ELEGIA AO ÚLTIMO INVERNO

Lorezone Barbosa

 


Antes do sol se bombear no açude,

deixei o calor dos pelegos

pra emprestar aconchego

e prosear com a guitarra.

 

Cevei um mate de espera

entre milongas antigas

e fiz dos versos parceiros

nessa tropeada de vidas.

 

O braseiro pariu em chamas

clareando a madrugada nua,

e uma cambona tisnada

meio enfurnada nas brasas,

traidno o calor dos mates

charlava e emudecia...

 

Ah!

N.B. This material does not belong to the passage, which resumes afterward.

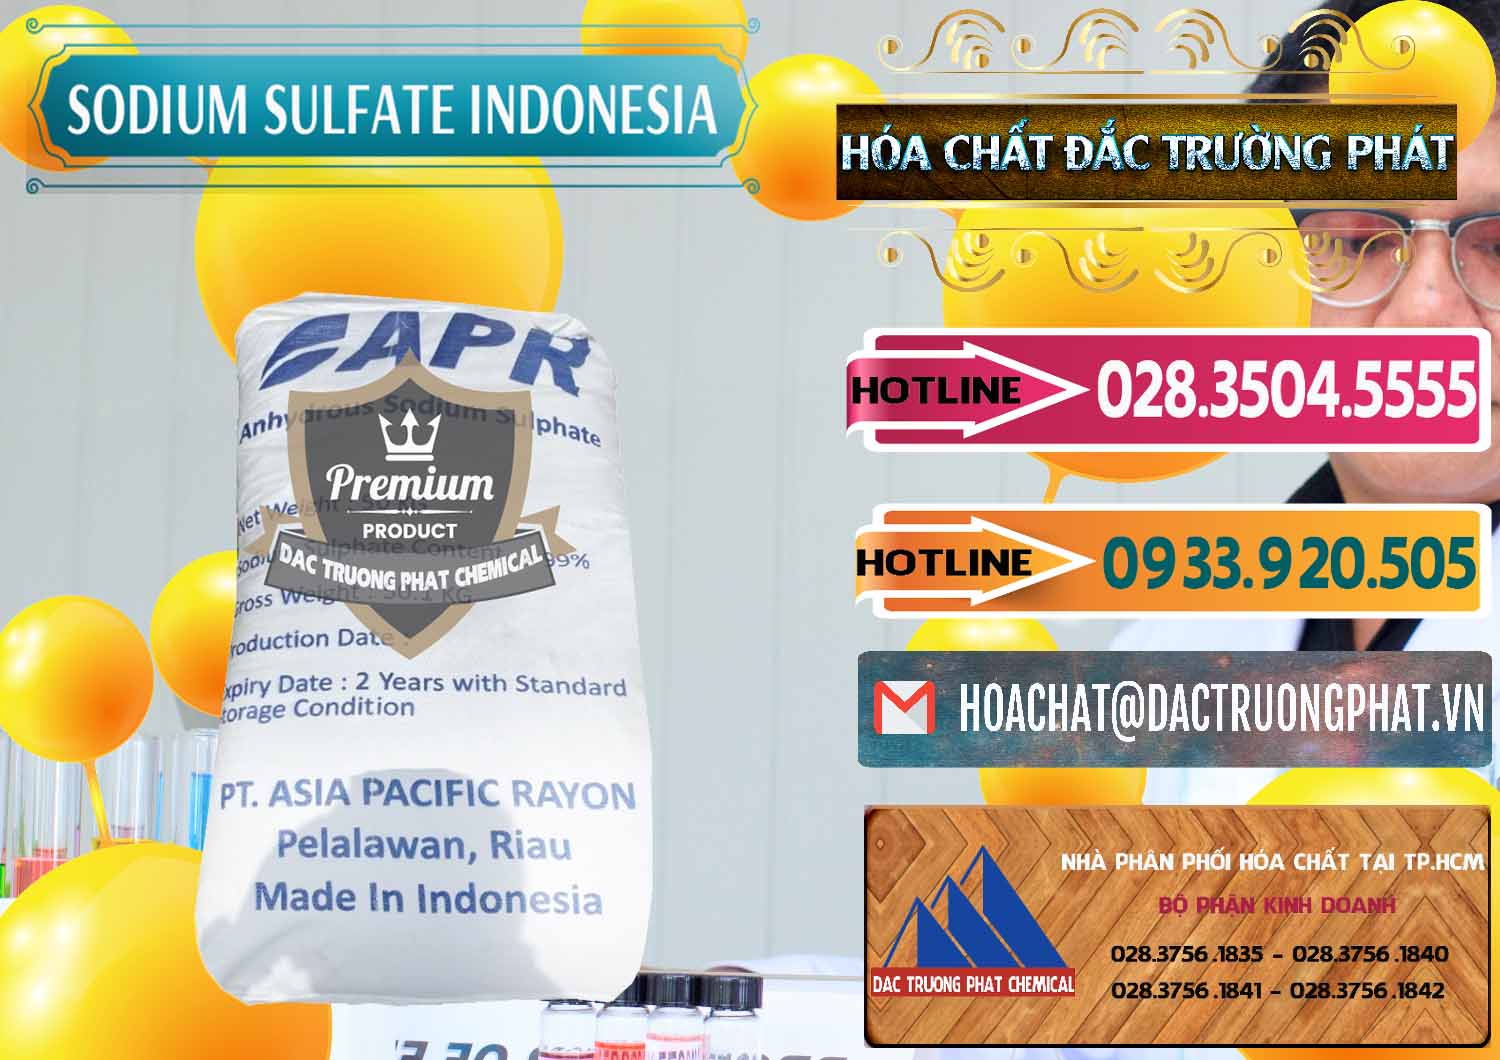 Chuyên bán và phân phối Sodium Sulphate - Muối Sunfat Na2SO4 APR Indonesia - 0460 - Công ty chuyên bán & cung cấp hóa chất tại TP.HCM - dactruongphat.vn

Esses invernos sem graça!

As grotas brotam aos poucos

na imensidão lamacenta,

bordando o verde dos salsos

sobre os pelegos de agosto.

 

Parei a bombear meus trastes

e senti que a mão do arremate

dessa jornada terrena

me acariciava as melenas

como quem nana criança.

 

“La fresca!”, que lida infame.

Esse inverno desgranido

parece que vem de dentro

entangue a alma primeiro,

depois o poncho surrado

deixando o corpo judiado

neste silêncio inverno.

Que agosto caborteiro!...

 

Então, pra aquentar a alma

e o corpo velho encarangado,

retoco o fogo com força,

falo sozinho, me calo.

Um grito ecoa por dentro

e o peito mouro estremece,

da garganta brotam preces,

que se esparramam no ar

e as milongas se alargam

procurando o meu cantar.

 

As lembranças vem a galope

com a saudade nos tentos,

e atropelando a memória

faz-me rever a história

abrindo as cancelas do tempo.

 

Quando o vazio dos corredores

se agrandava nas lonjuras,

eu repontava meus sonhos

montando um baio taquara,

mas meus olhos teatinos

se enfurnaram nos caminhos

entre espinheiros e auroras.

 

Armei mundéus pelas grotas,

campeei, campereei, insisti,

mas meus sonhos de guri

nunca mais encontrei.

 

Quisera eu voltar no tempo

pra remendar o passado.

Quisera tropear sem pressa

nos corredores de outrora,

e rondar nos quatro quartos

a minha tropa de sonhos,

que se perdeu de sonhos,

que se perdeu pelos anos

entre espinheiros e auroras.

 

Mas, chegou o último inverno

e o que me resta desse conflito,

/se já me sinto tão dele?

Sim, cansei de matear

nessas manhãs que me arrastam,

pois entre o mate e o pito

tem solidão, tem saudade.

Cansei de ver meu rosto

nesta cacimba orgulhosa,

que só me mostra resquícios

de um semblante em primavera.

 

Quando mermarem estas manhãs

farei do rancho tapera,

pra descerrar as cancelas

dos ermos campos sem fim,

terei pedaços de mim

varando no pajonal,

repontando novos sonhos

sobre o dorso d’um bagual.

Guiado pelo cruzeiro

vou guitarrear pros luzeiros

e acalantar a boieira,

pois será minha parceira

nesse reponte final!!!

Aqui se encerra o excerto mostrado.